The TV series also featured cast members from the Channel 4 series Absolutely, while some character elements from Absolutely were incorporated into the programme. Denzil and Gwynedd, two of the original Absolutely characters, briefly returned in Barry Welsh Is Coming for shorter sketches, now accompanied by their 21-year-old son, Codfyl.
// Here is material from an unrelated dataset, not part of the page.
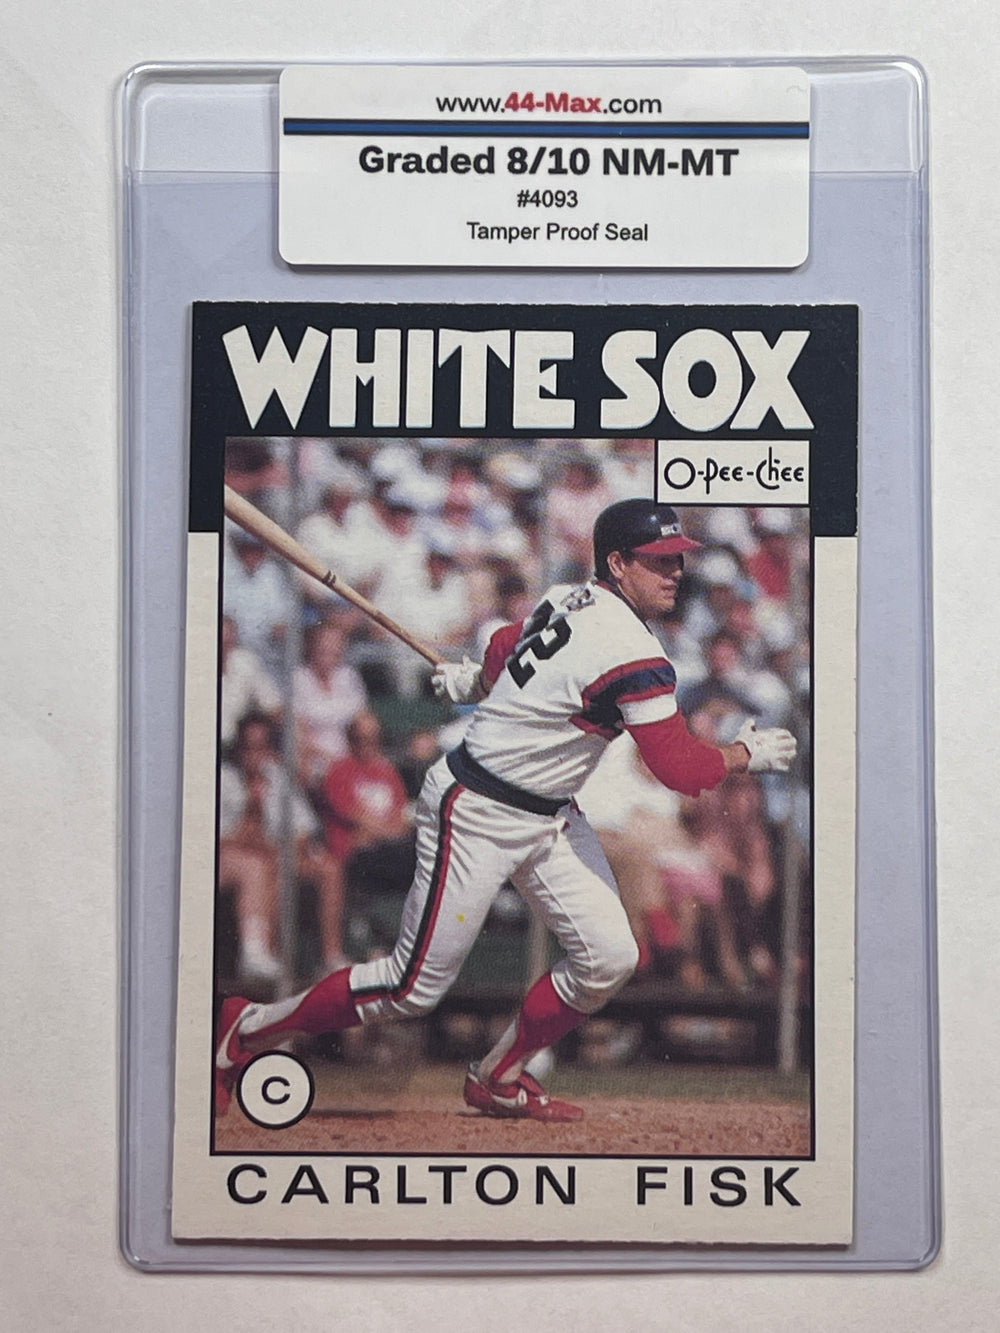 Carlton Fisk 1986 O-Pee-Chee Baseball Card. 44-Max 8/10 NM-MT #4093

The show returned in 2007 in the form of three themed specials broadcast throughout the year, presented by Sparkes in the guise of Fishguard news reporter Hugh Pugh. The new episodes were produced in-house by ITV Wales.

Characters

Hugh Pugh
The most popular segment of the programme, Hugh Pugh is a news reporter from Fishguard with a strong aversion towards Barry Welsh.

A.R.S.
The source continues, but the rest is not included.